I dropped to my knees. I spread my arms wide and he ran into them. “You look so handsome,” I said.
“Thank you,” he said, pulled out of the hug and fixed the knot on his tie.
I still wanted to hug him. I didn’t want the embrace to be over. Not yet, not while he was here. With me.
“Have you seen, Charlene? She looks beautiful.” My ex-wife was smiling. How could she look so happy?
Something was wrong.
“We’re ready,” the priest said, suddenly standing behind me. “Mr. McKinney, when the music starts, you may proceed down the aisle with your daughter.”
I nodded.
The music?
“Good luck,” Julie said. She and her husband disappeared into the church. I watched them walk to the front of the church and sit in the second row of pews.
What was this?
“I’m ready, Daddy.”
I turned around. Charlene stood behind me. She was in a beautiful white wedding gown. The train rolled out for several feet behind her. “You look beautiful.”
She blushed, dropped her eyes, as if embarrassed. “I’m so nervous. I can’t believe this is really happening. This is a day I’ve dreamed about since I was a little girl.”
She was a little girl. How was she getting married? She was fourteen. Did I approve this? Did her Mom?
“Honey, you’re going to be a wonderful wife, and live a happy life. A happy-ever-after life.”
“Do your really think so?”
“Baby, I know so,” I said. I mentally squeezed my mind, searching for memories of the man she was about to marry. I could not even conjure up an image of what he looked like. Not his name, what he did for a living. Nothing. Not a thing.
I wasn’t ready for this. This was my baby. She might be a wonderful wife, but was I ready to let her go? She was fourteen. Only a kid, a teenager. She had so much, so many other things to do yet, to look forward to…
“It’s time,” she said. “Will you lower the veil?”

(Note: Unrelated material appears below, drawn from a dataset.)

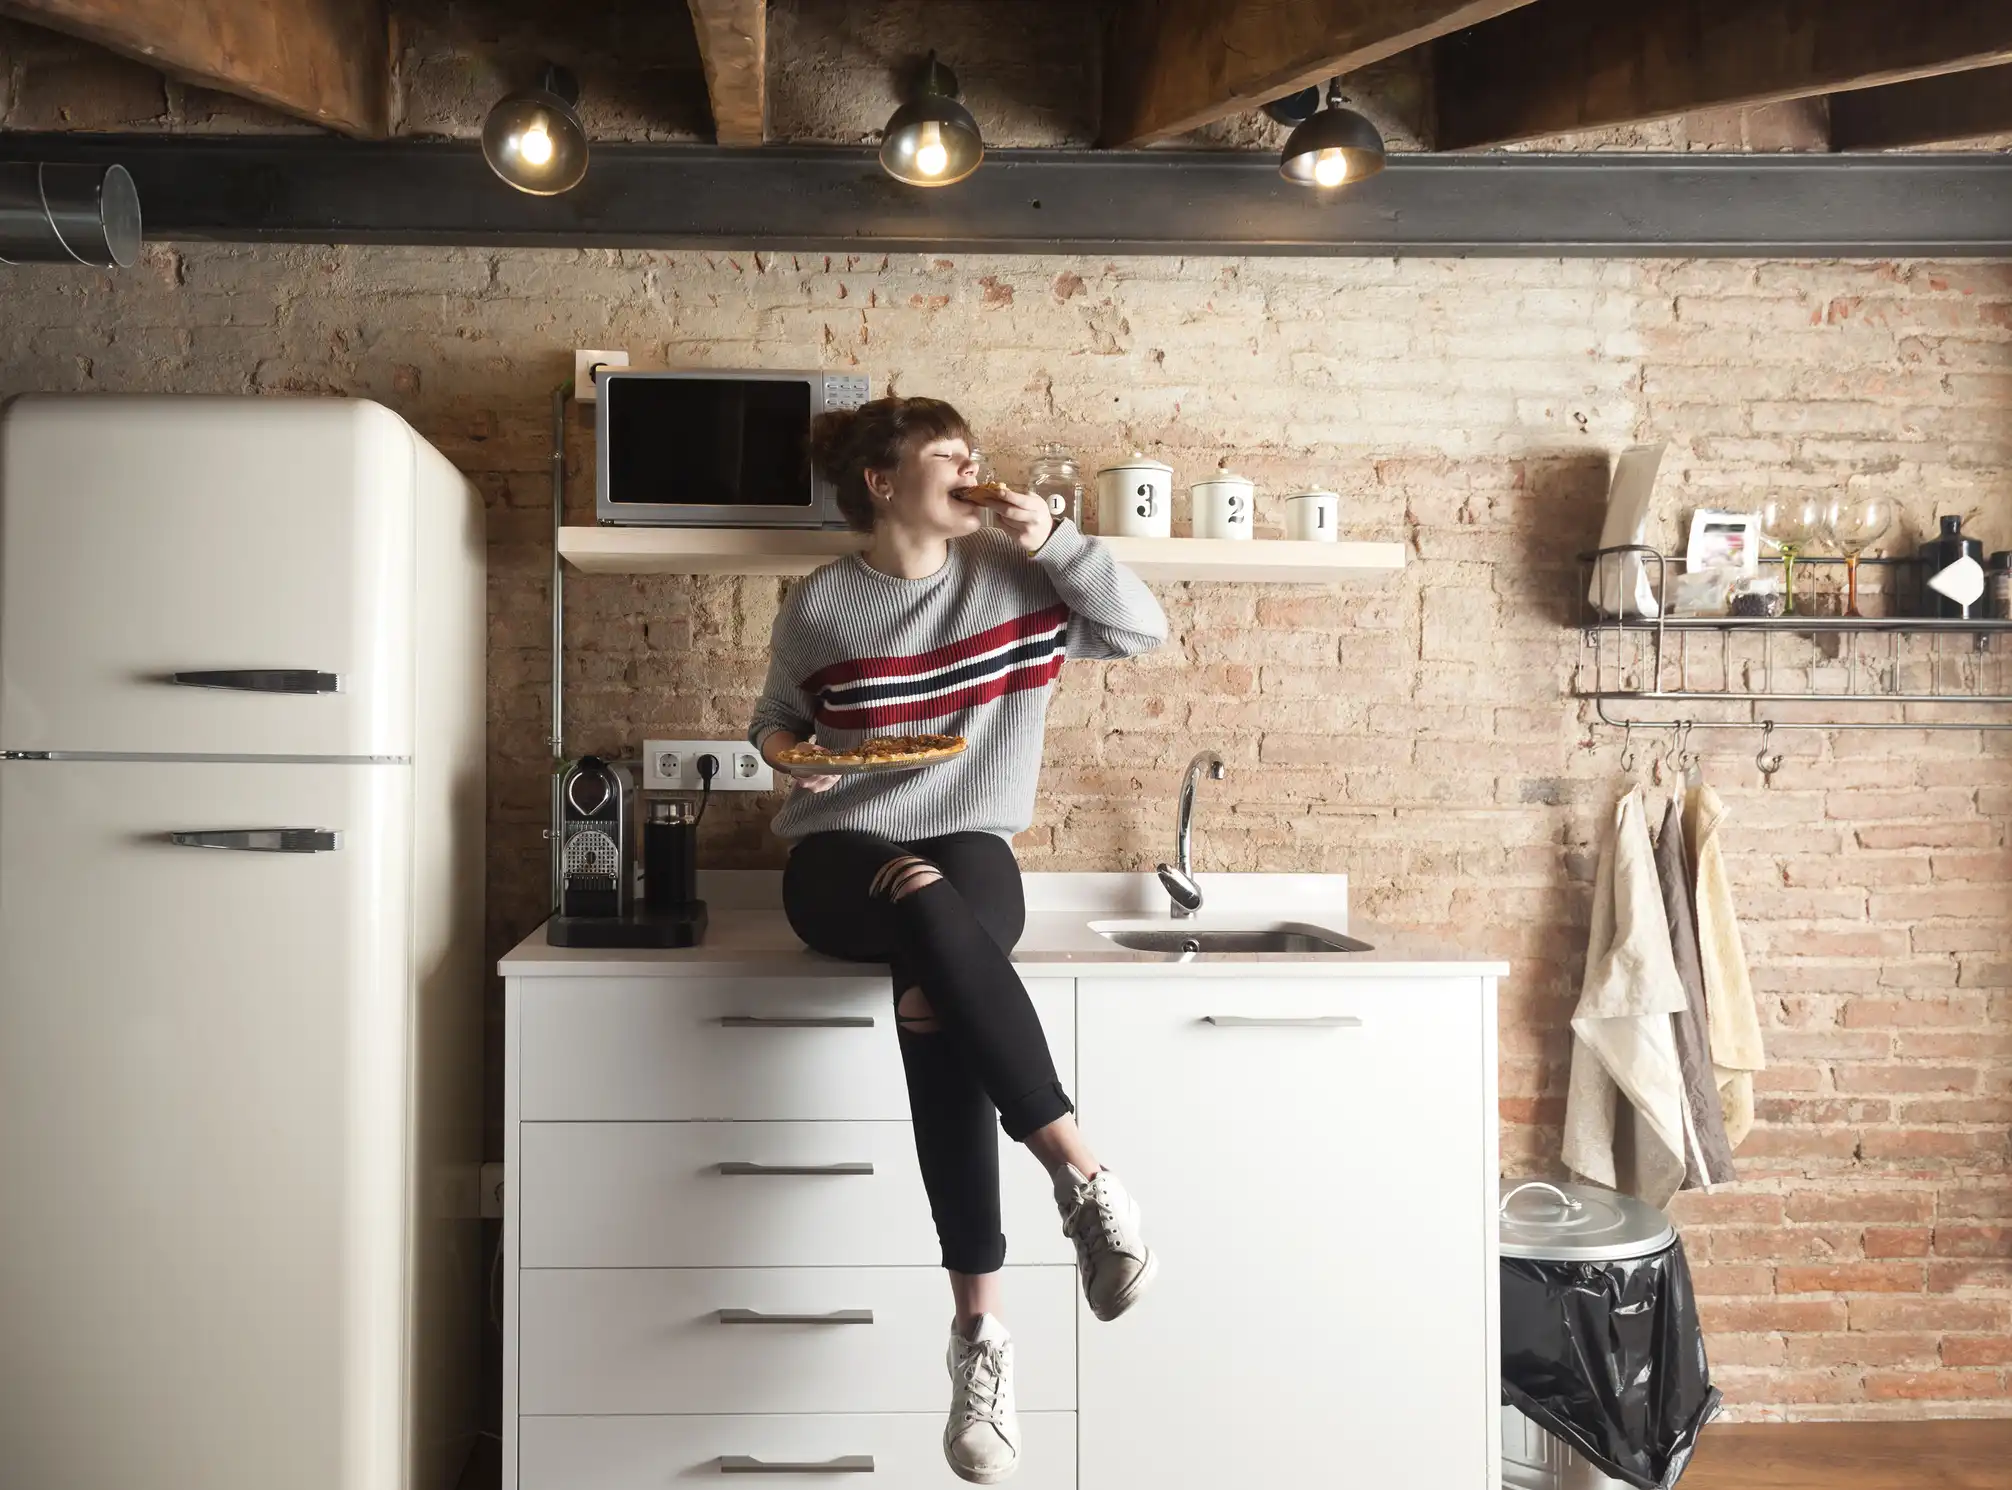 Bild junge Frau in Küche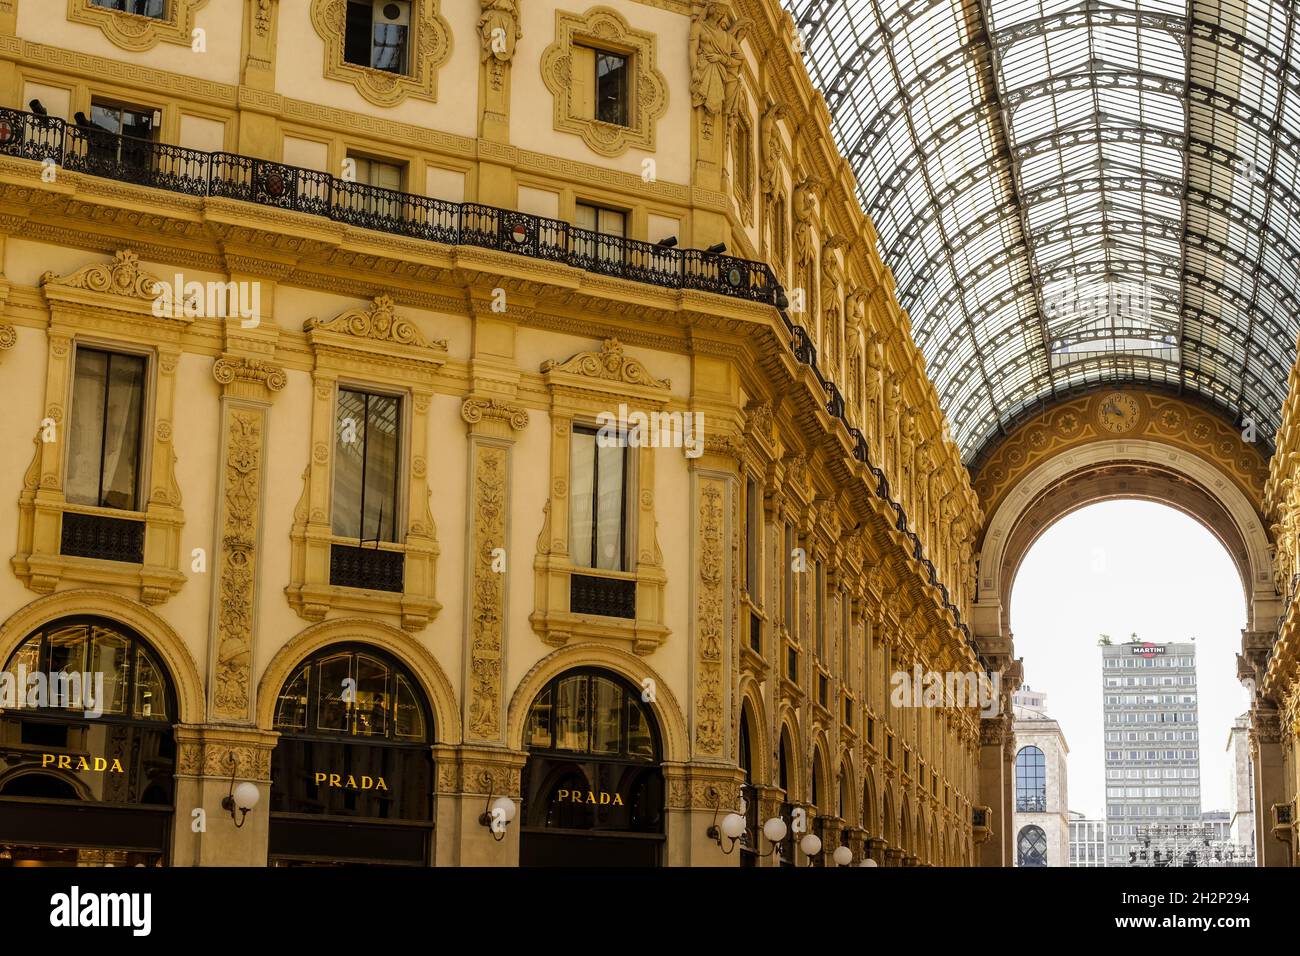 Milano, Italia - 13 giugno 2017: Vista della Galleria Vittorio Emanuele nel centro città Foto Stock

I gave her a gentle kiss on her lips, and then just looked into her eyes. “I love you. You know that, honey, don’t you?”
“I love you, too.” She wiped tears from her eyes. “You’re going to make me mess up my makeup.”
“No crying,” I said. I lowered the veil over her face. It hid her beauty.
An organ played.
The wedding march began. We took slow practiced steps down the aisle. I felt people staring at us, but I did not look around. I stared at the priest and the man with his back to me at the head of the church; the man she was to marry. The man who’d taken my little girl away from me.